## EXERCISE DATA

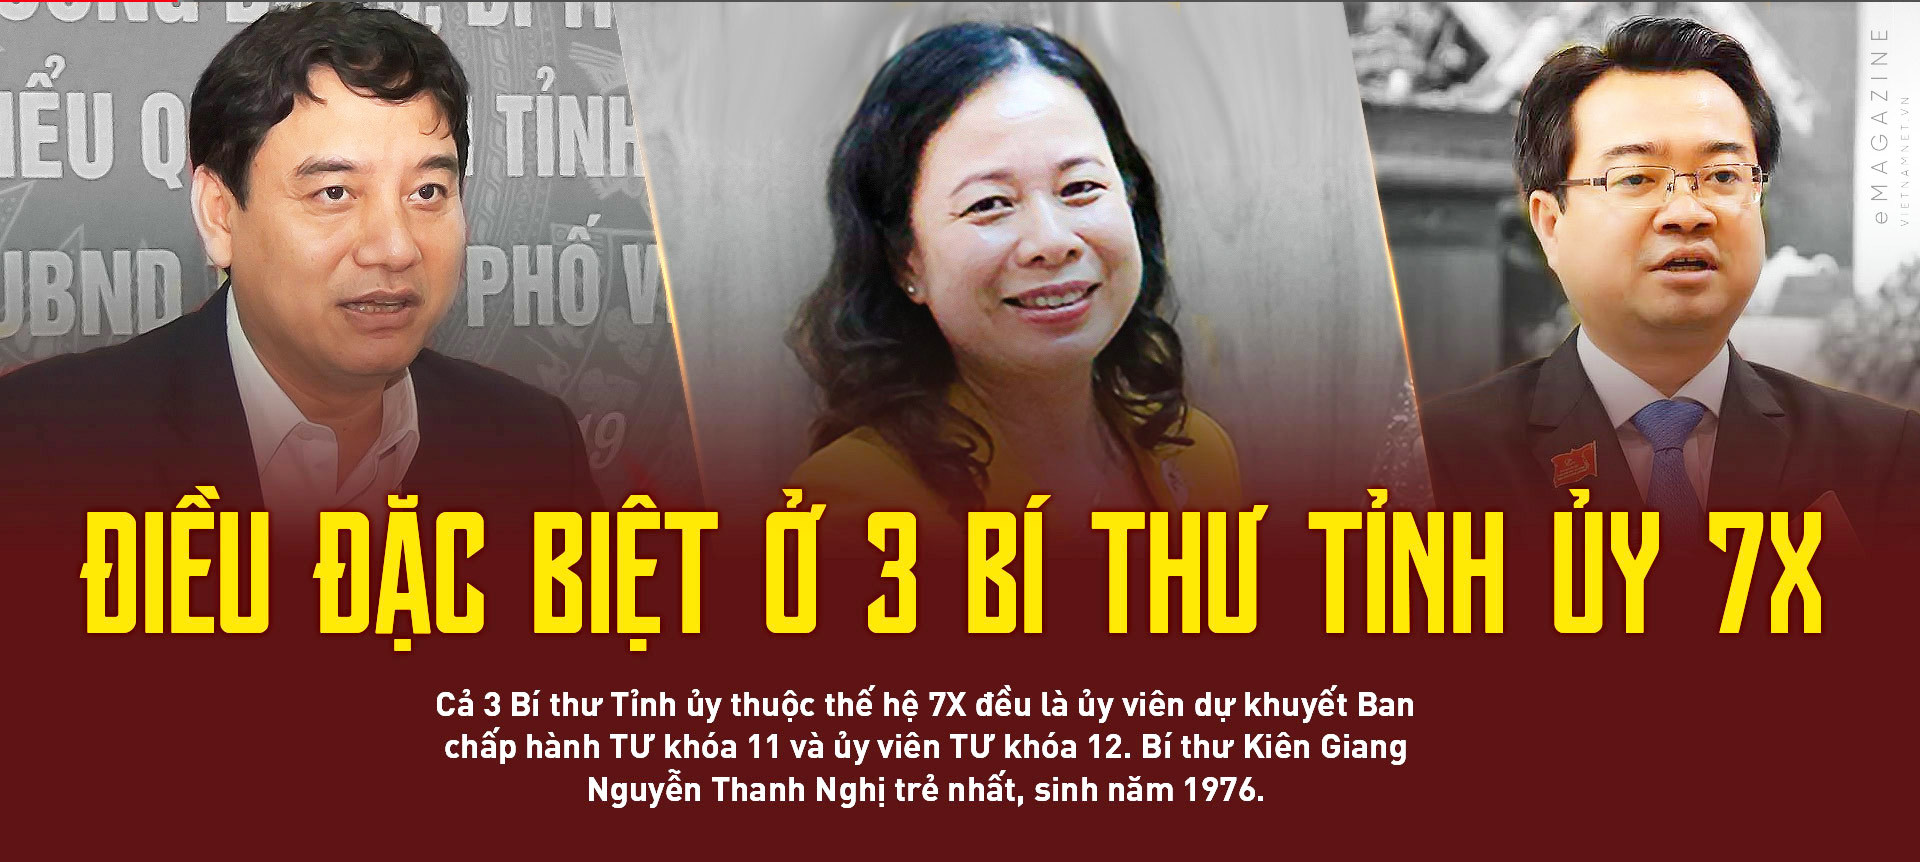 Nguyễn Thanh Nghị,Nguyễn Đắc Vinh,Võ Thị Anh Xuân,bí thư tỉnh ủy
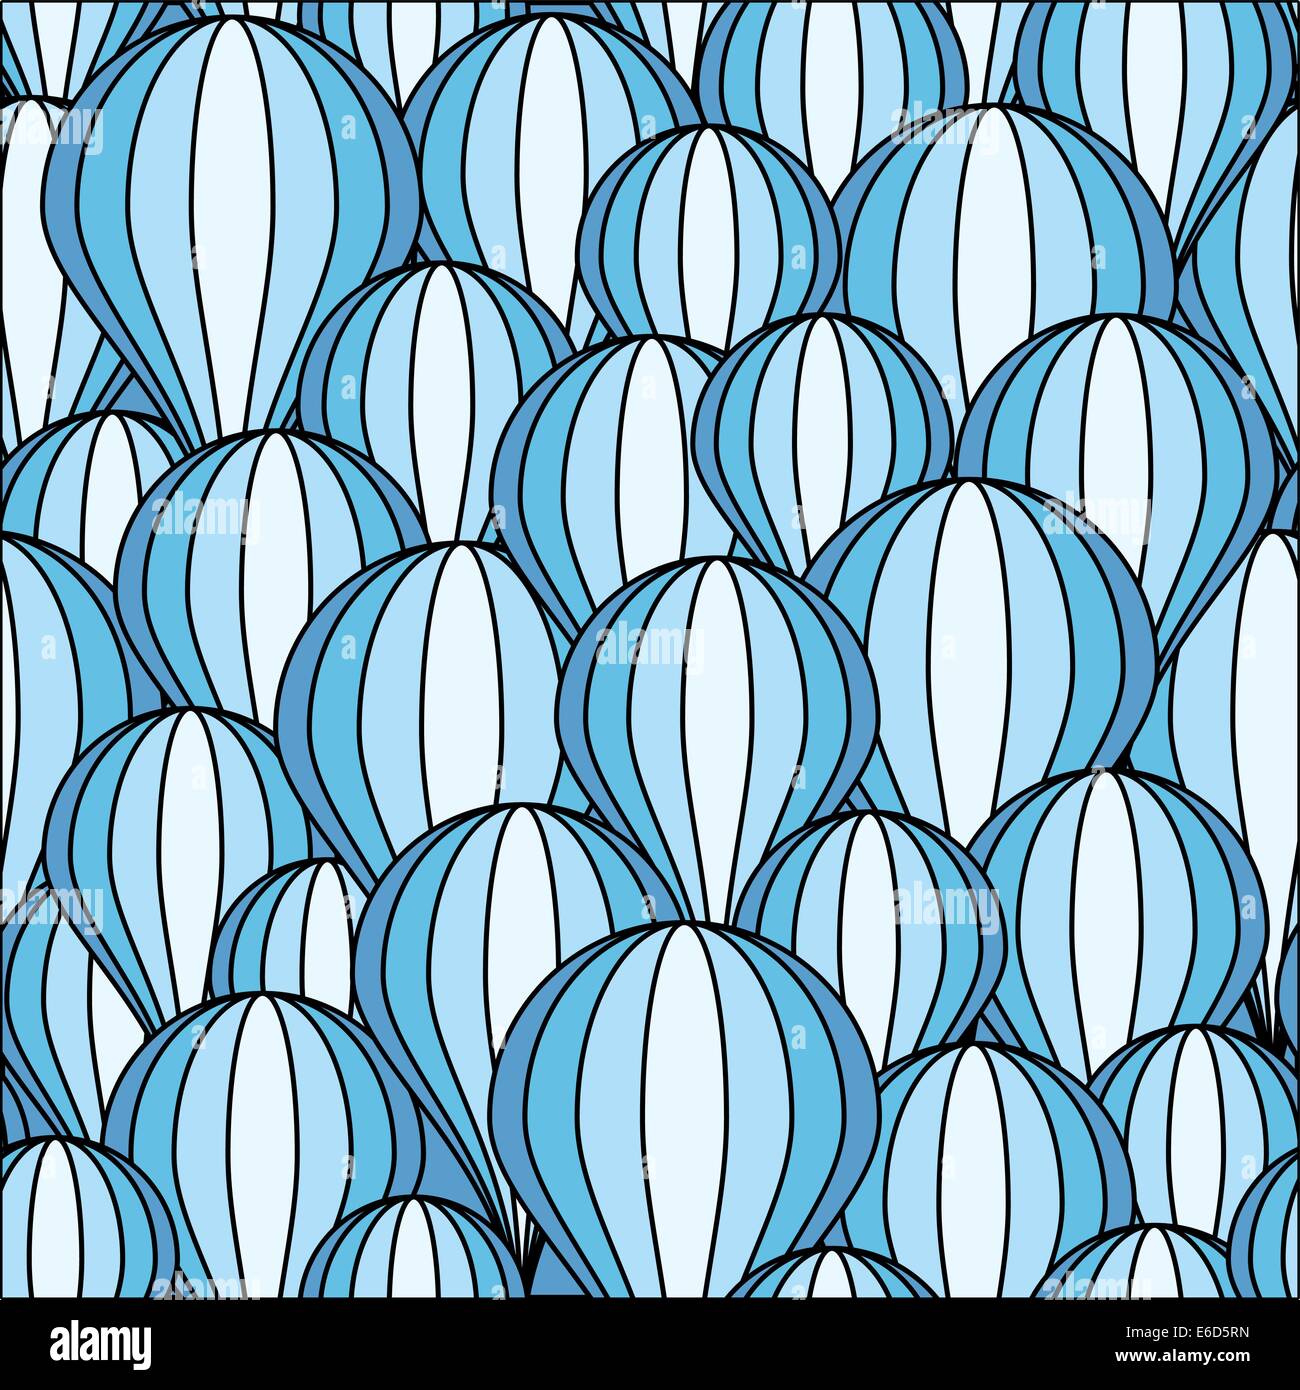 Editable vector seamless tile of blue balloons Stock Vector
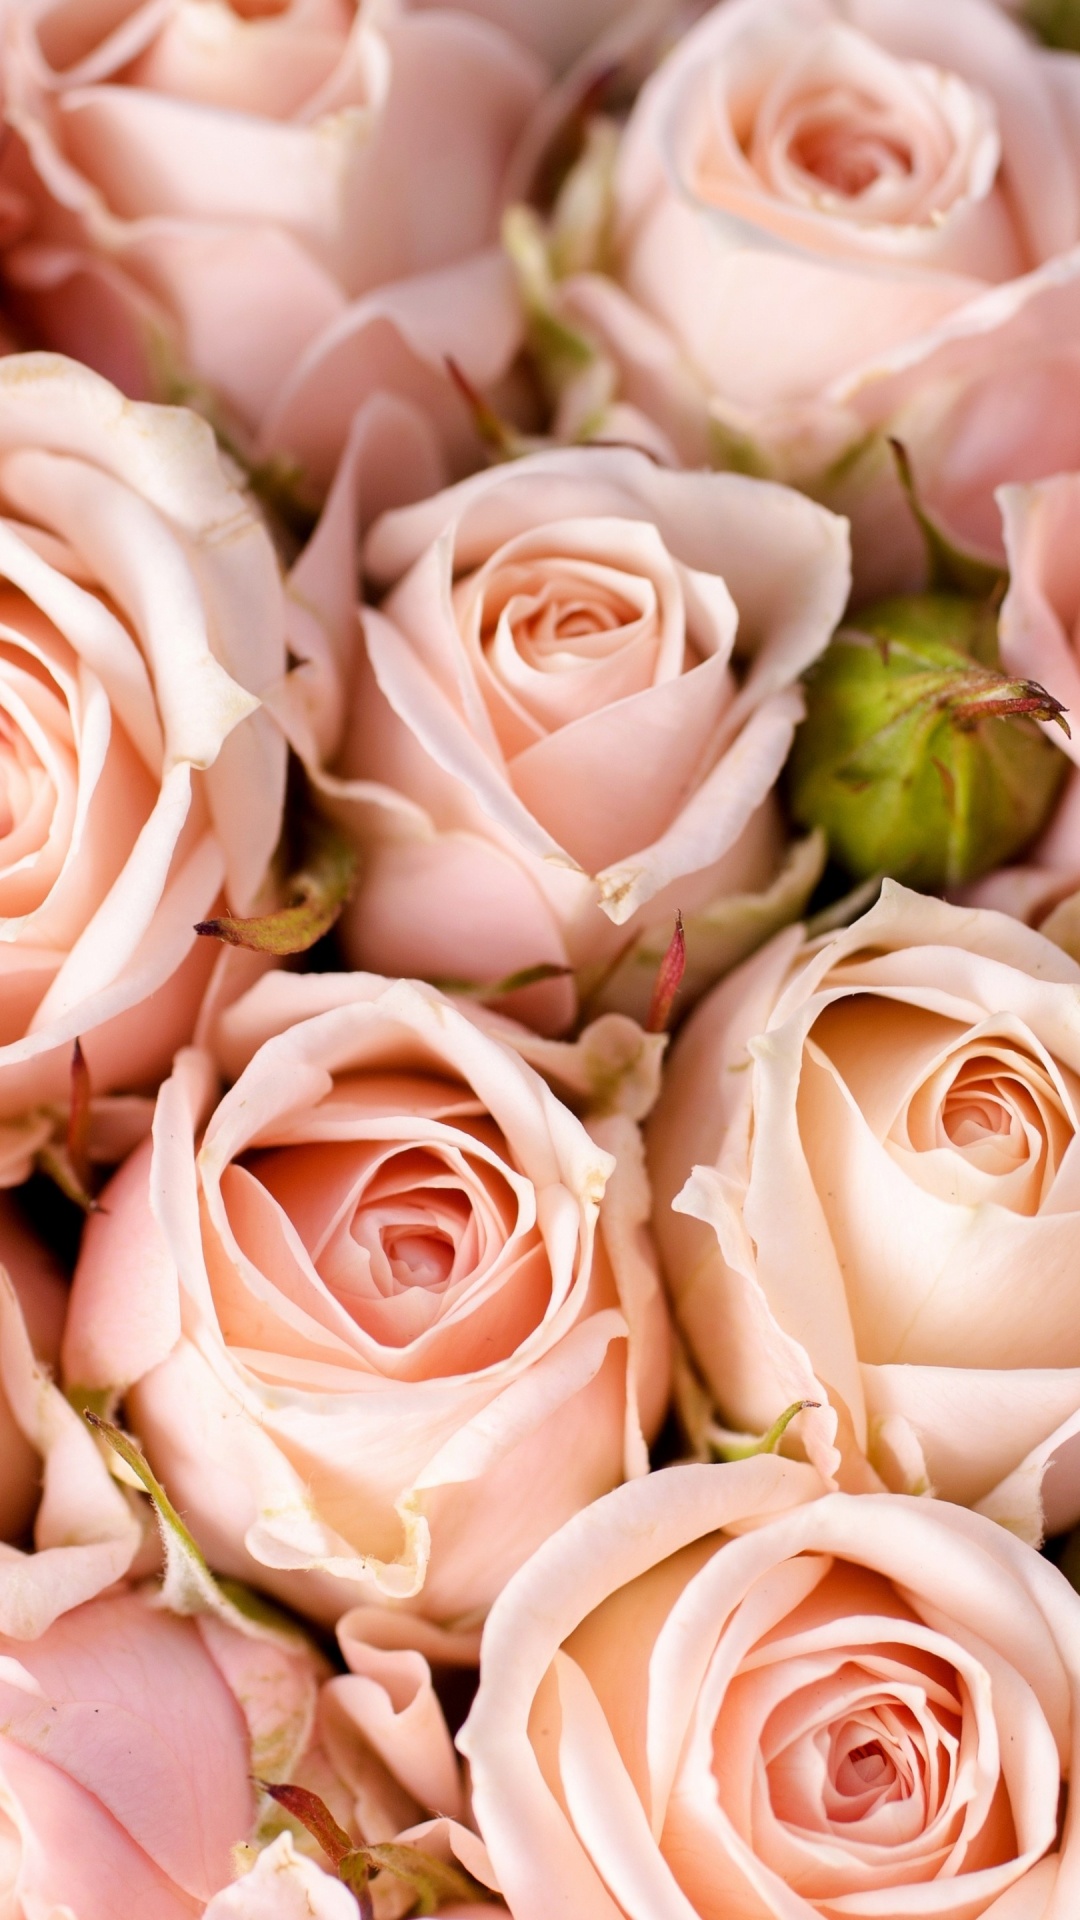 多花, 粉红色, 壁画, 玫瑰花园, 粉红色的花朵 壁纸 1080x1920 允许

## AIM OF THE EXERCISE
All of the data must be repeated exactly, except for the pictures.

## RESPONSE TO THE TASK
 Nguyễn Thanh Nghị,Nguyễn Đắc Vinh,Võ Thị Anh Xuân,bí thư tỉnh ủy
 Editable vector seamless tile of blue balloons Stock Vector
 多花, 粉红色, 壁画, 玫瑰花园, 粉红色的花朵 壁纸 1080x1920 允许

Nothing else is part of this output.